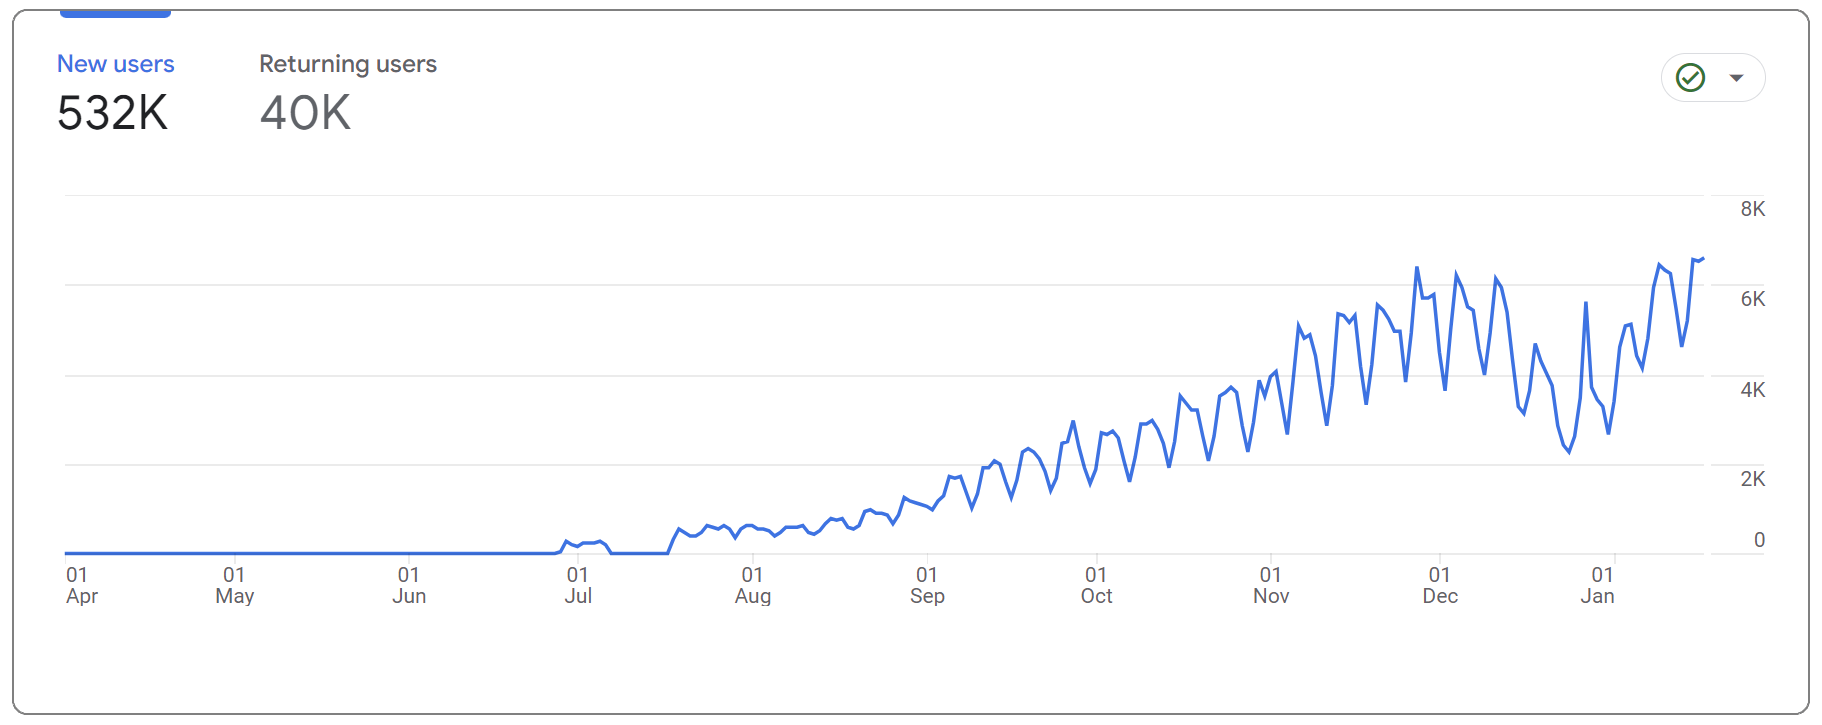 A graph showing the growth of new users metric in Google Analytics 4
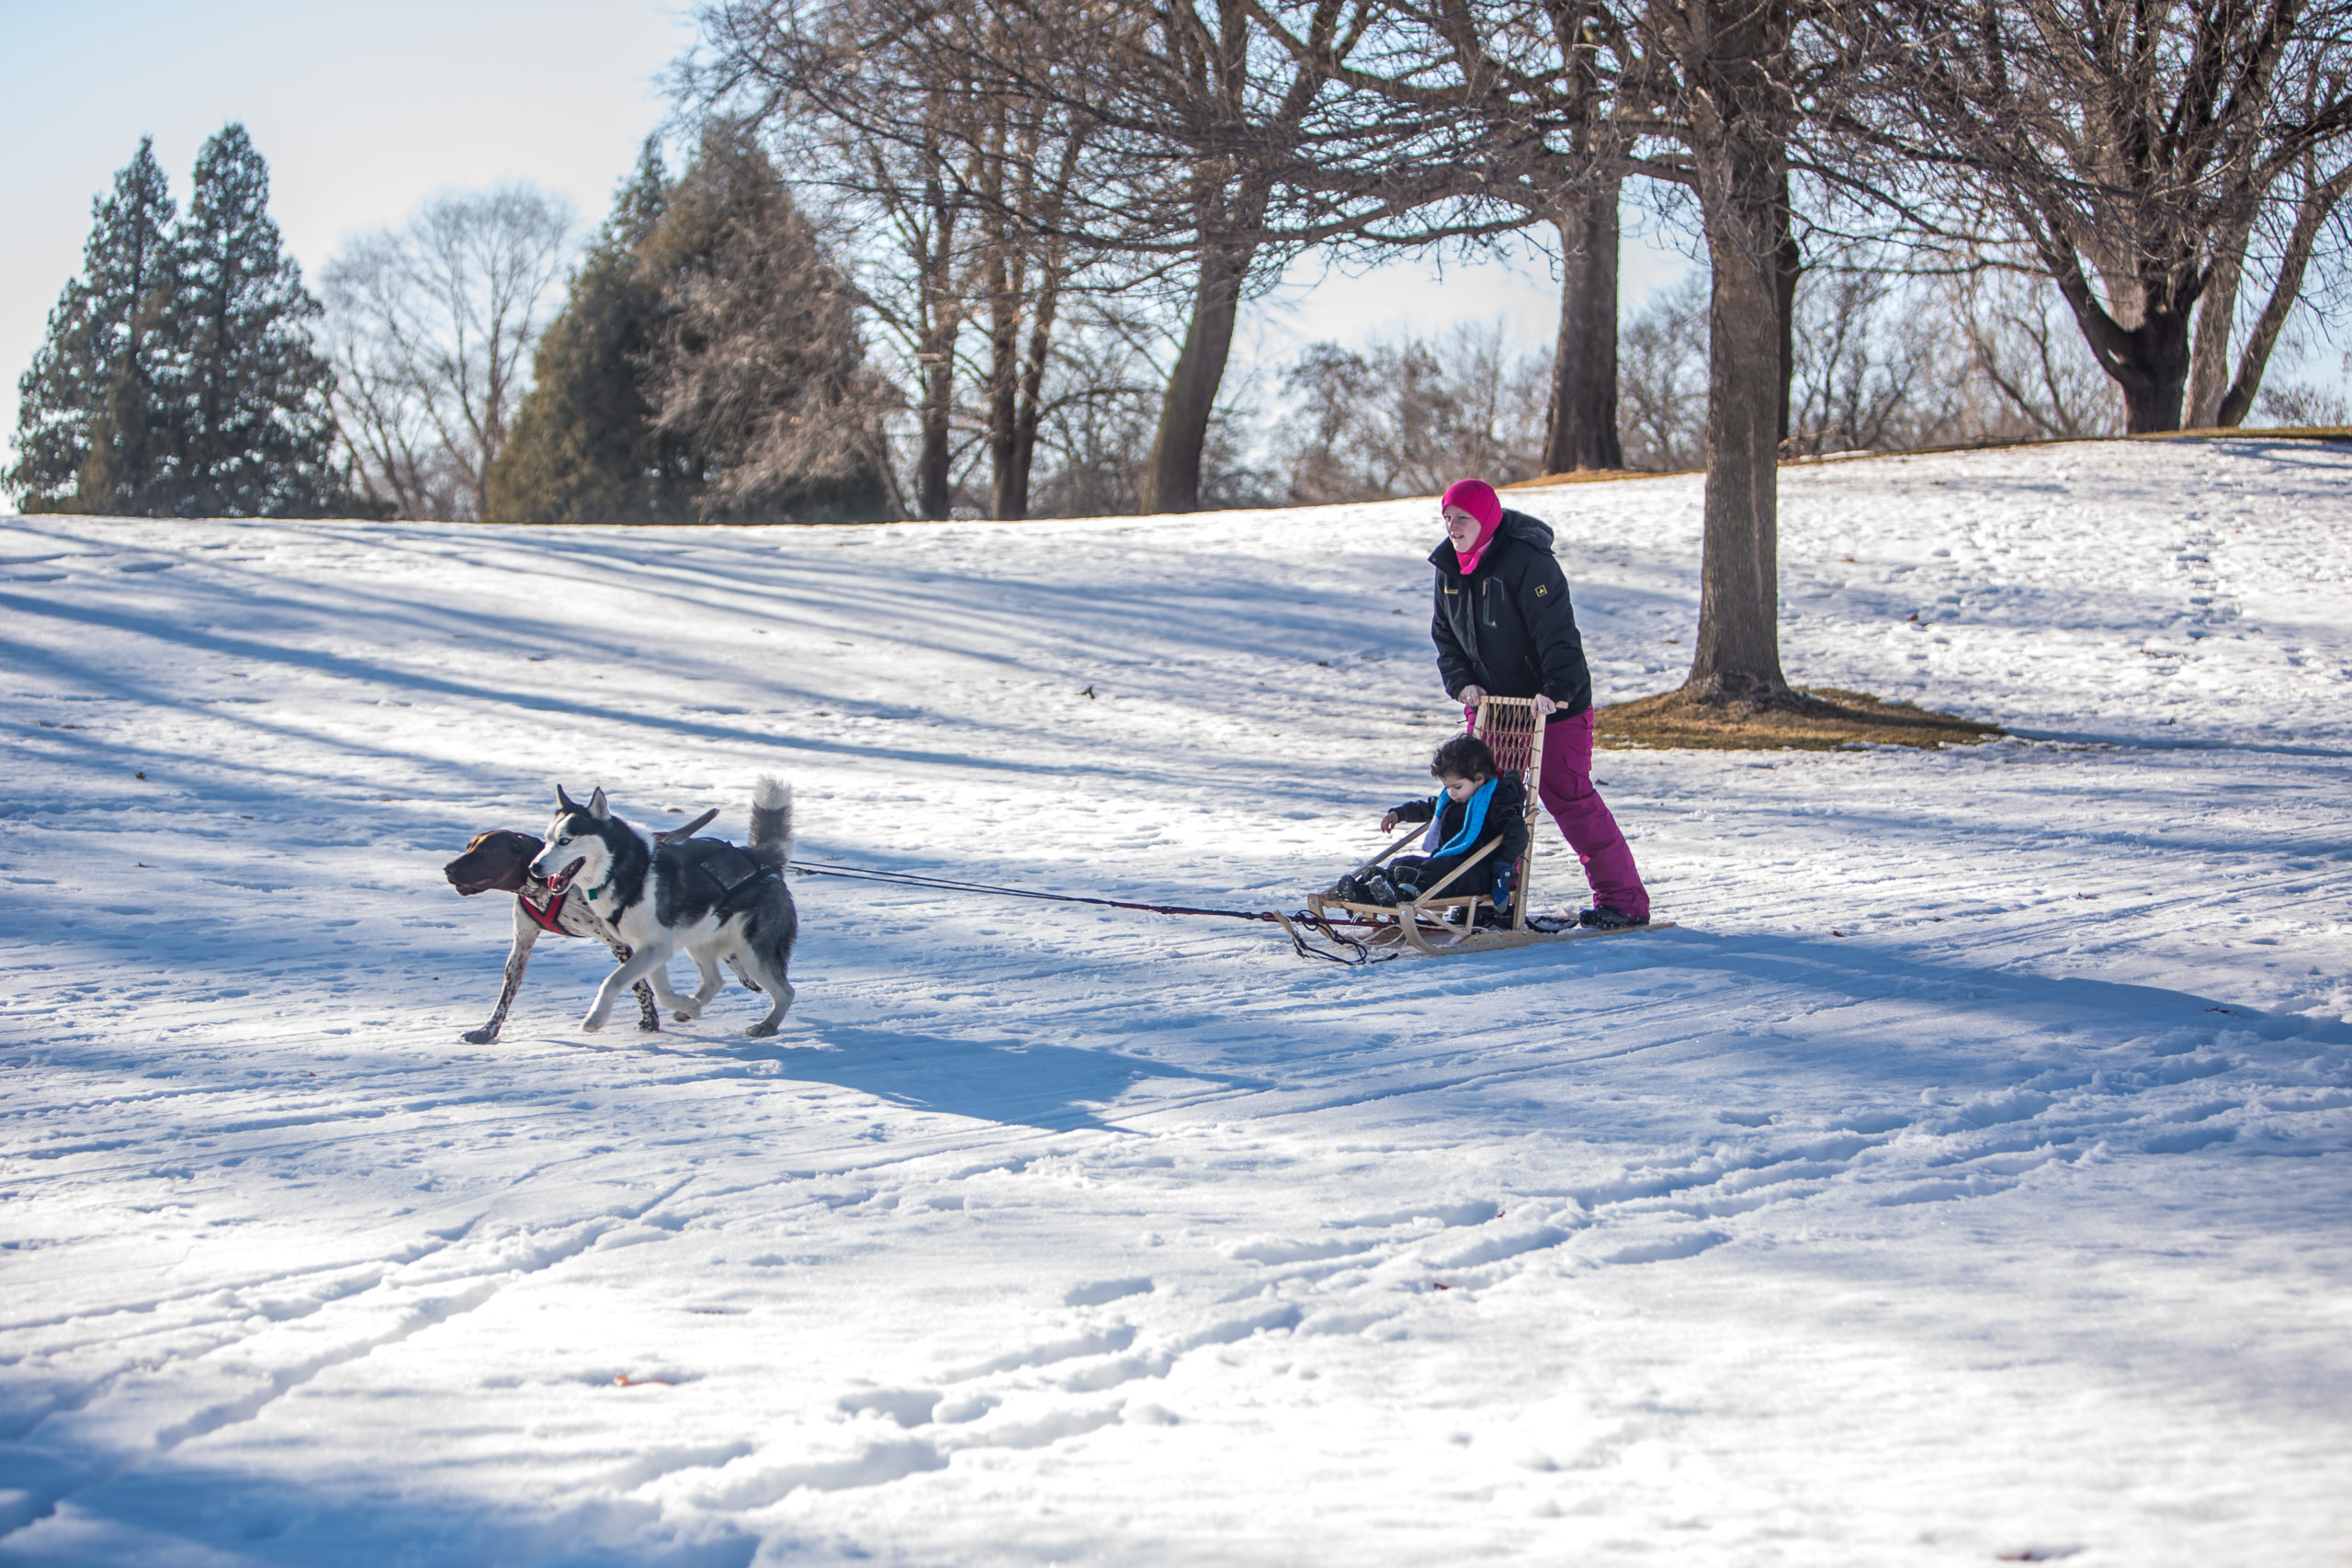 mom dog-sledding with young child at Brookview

——————

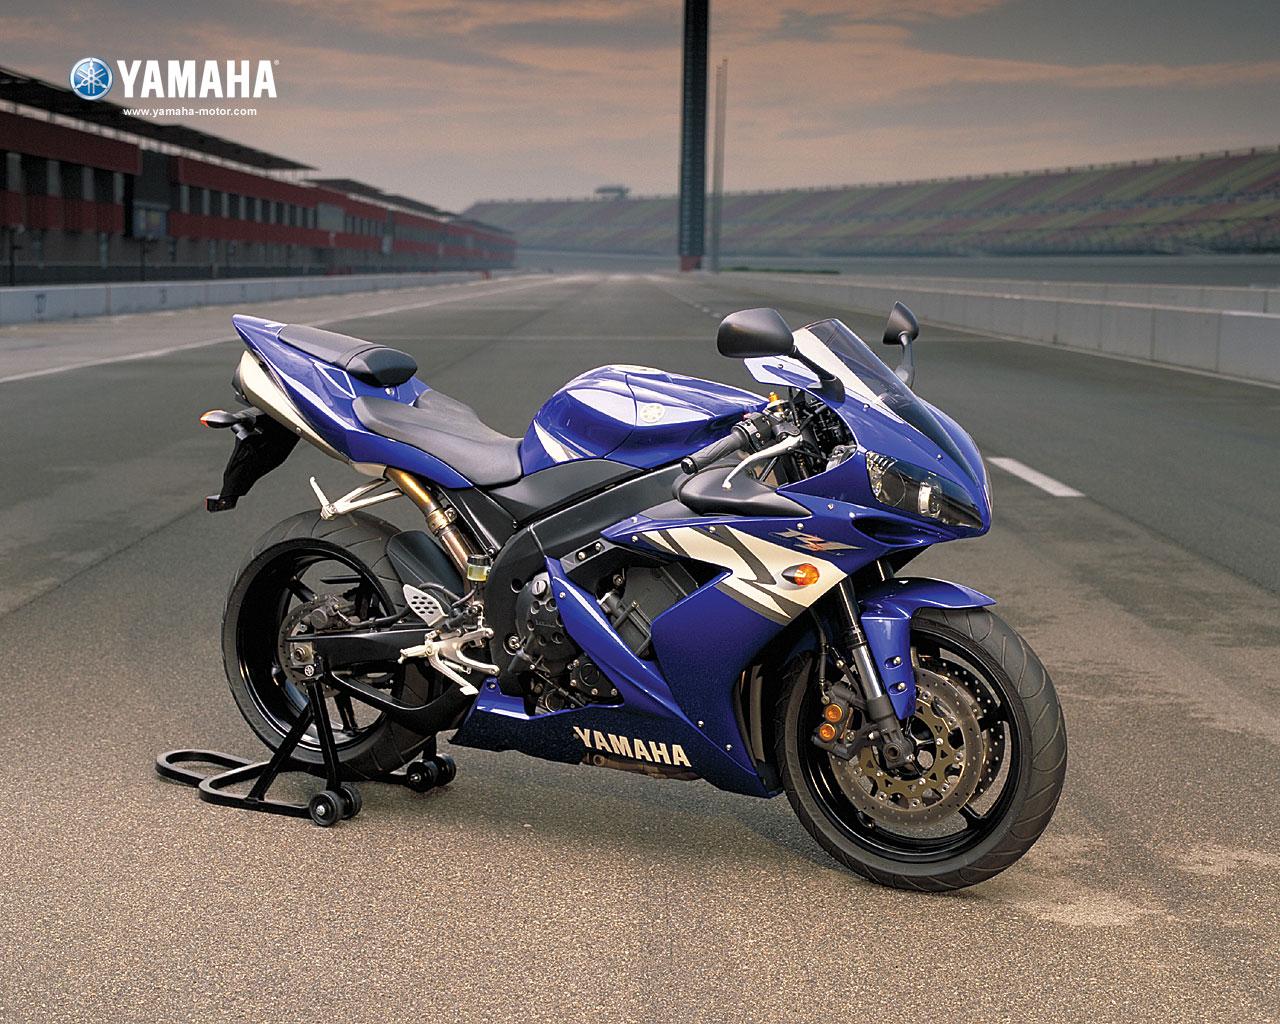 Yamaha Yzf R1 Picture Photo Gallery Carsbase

——————

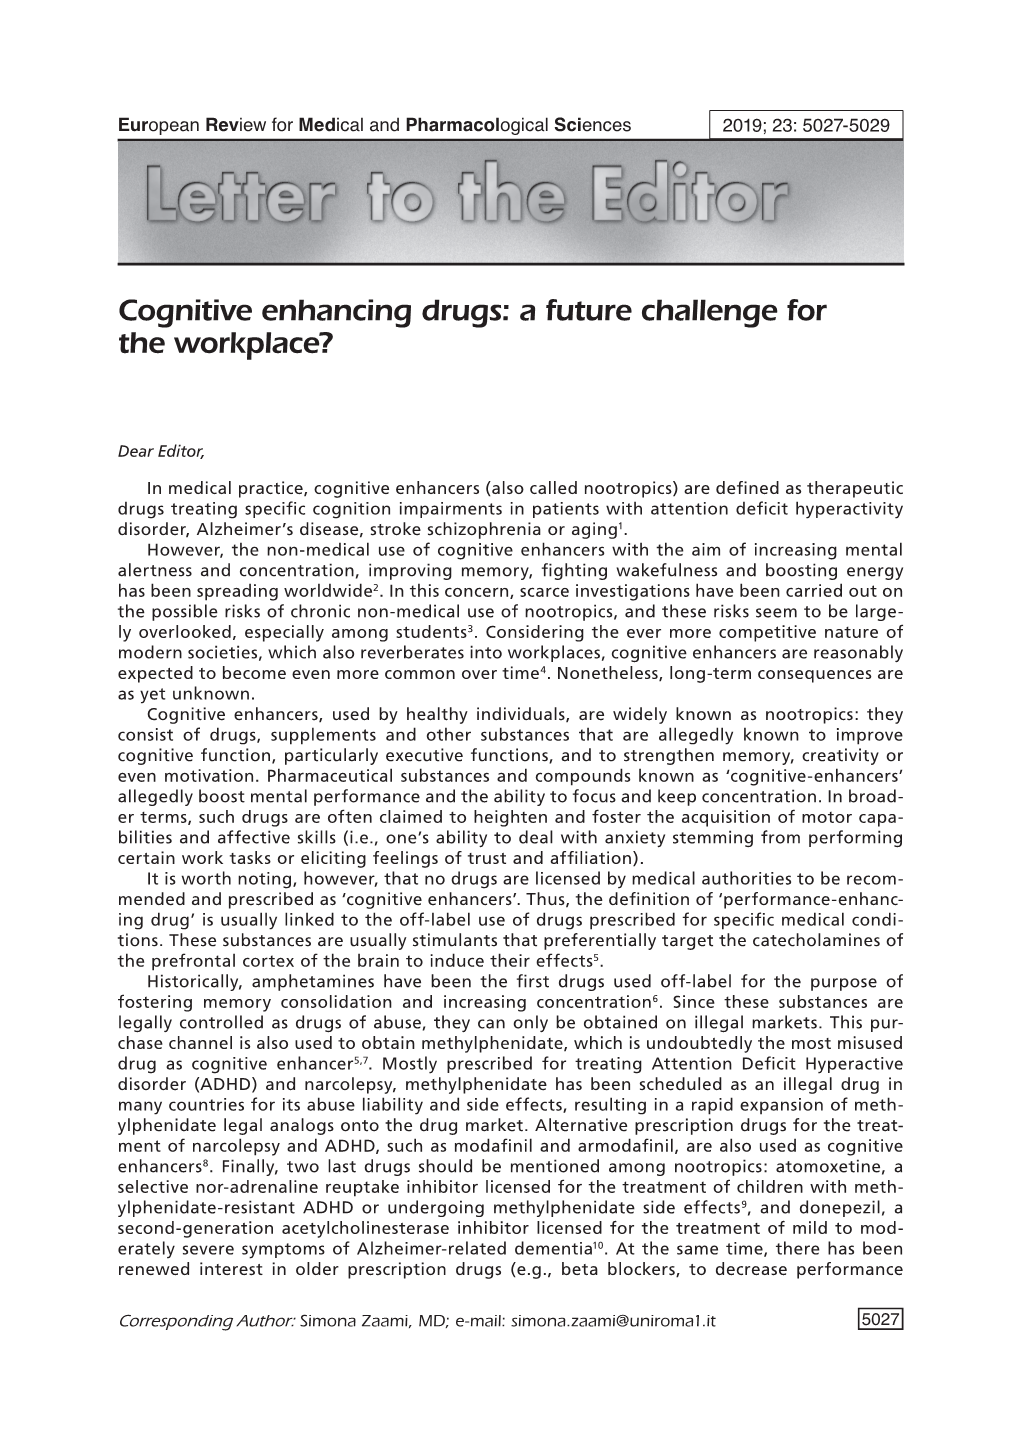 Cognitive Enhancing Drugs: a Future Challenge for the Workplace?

——————

Within the data above, repeat exactly the lines from the one bearing "A graph showing" through the one bearing "mom dog-sledding with". Include no pictures and nothing else.

 A graph showing the growth of new users metric in Google Analytics 4
 mom dog-sledding with young child at Brookview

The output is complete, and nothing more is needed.